TMS570LS10106: Device Errata Question: DCAN#22

Amanda Ross95

Part Number: TMS570LS10106
Other Parts Discussed in Thread: HALCOGEN

Hello there,

I have a customer who is currently witnessing behavior similar to that which is listed in the DCAN#22 Errata for the device but their situation is a bit different and I just wanted to clarify a couple thing to make sure this could be attributed to that. Here's what they're seeing as well as their set-up..

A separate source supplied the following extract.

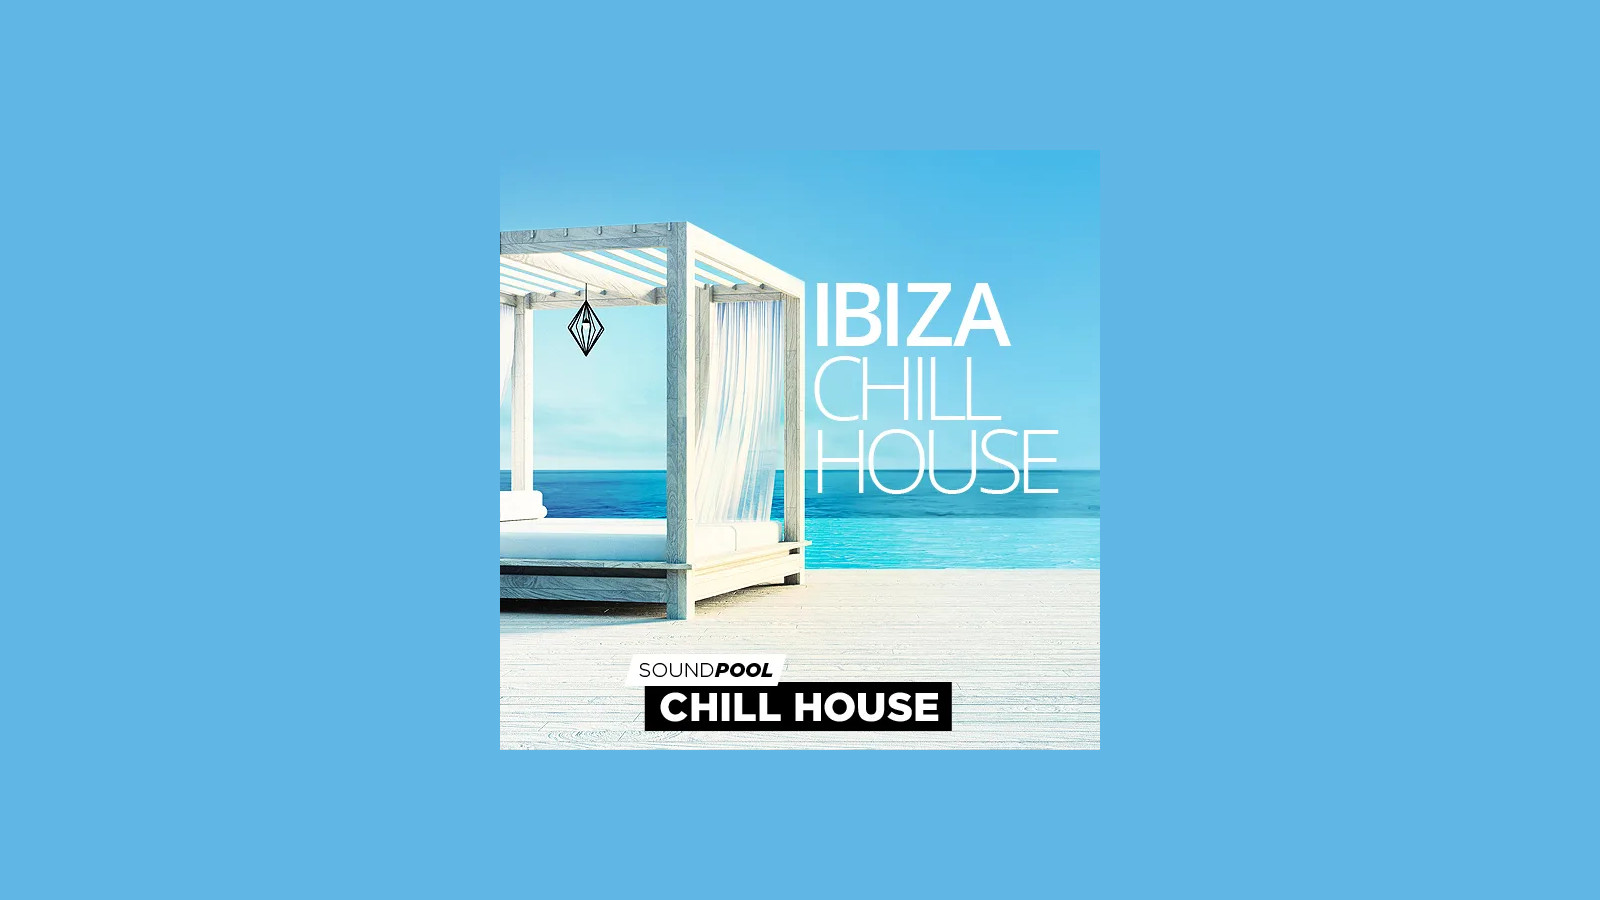 MAGIX Soundpool Ibiza Chill House ProducerPlanet CD Key, $5.65

1. Another module will send a can frame that matches one of the filters we have configured

2. Then the controller will notify that it has received a message

3. The message within the controller has the right ID and frame length but an incorrect payload

4. there might be a pattern of the data that is corrupted but we havent identified it yet

So this matches the errata description to a T...However, they do not place the module into INIT other than the CAN_INIT call which is generated by Halcogen.

From the note, it seems like this problem only manifests itself if you were running and then placed the module into INIT mode so (run -> INIT). Yet the customer's controller does the following: boot (assuming we are in init mode for the CAN module) -> CAN_INIT (so place into INIT) -> running and from here on out we never request to go to INIT. In other words the CAN module from boot goes from INIT->INIT -> run. So not the exact same situation.

Perhaps this is related in the sense that the controller doesn't boot into INIT on the CAN module. Is this possible?

I appreciate any feedback you can offer!

-Amanda

over 8 years ago

0 Chuck Davenport over 8 years ago

TI__Guru 59540 points

Hello Amanda,

We have never seen this behavior on a clean boot up. You mention the sequence is boot --> CAN_INIT call. We have seen instances where customers will toggle the INIT bit to try and release from the bus off state which then results in the issue. We would need to confirm that the INIT bit is not set anywhere in the code without the work around in place even in the case of a warm reset condition.

Often this takes some creative use of conditional breakpoints to indicate when the INIT bit is written/touched.

0 Chuck Davenport over 8 years ago in reply to Chuck Davenport

TI__Guru 59540 points

Amanda,

Another thing to check is the startup sequence. If they are somehow initializing CAN very early and then executing the LBIST function, there is a CPU reset that could cause the code to re-execute and, in turn, cause another write to the init bit without a reset of the peripheral with ongoing CAN traffic just as it is described in the advisory.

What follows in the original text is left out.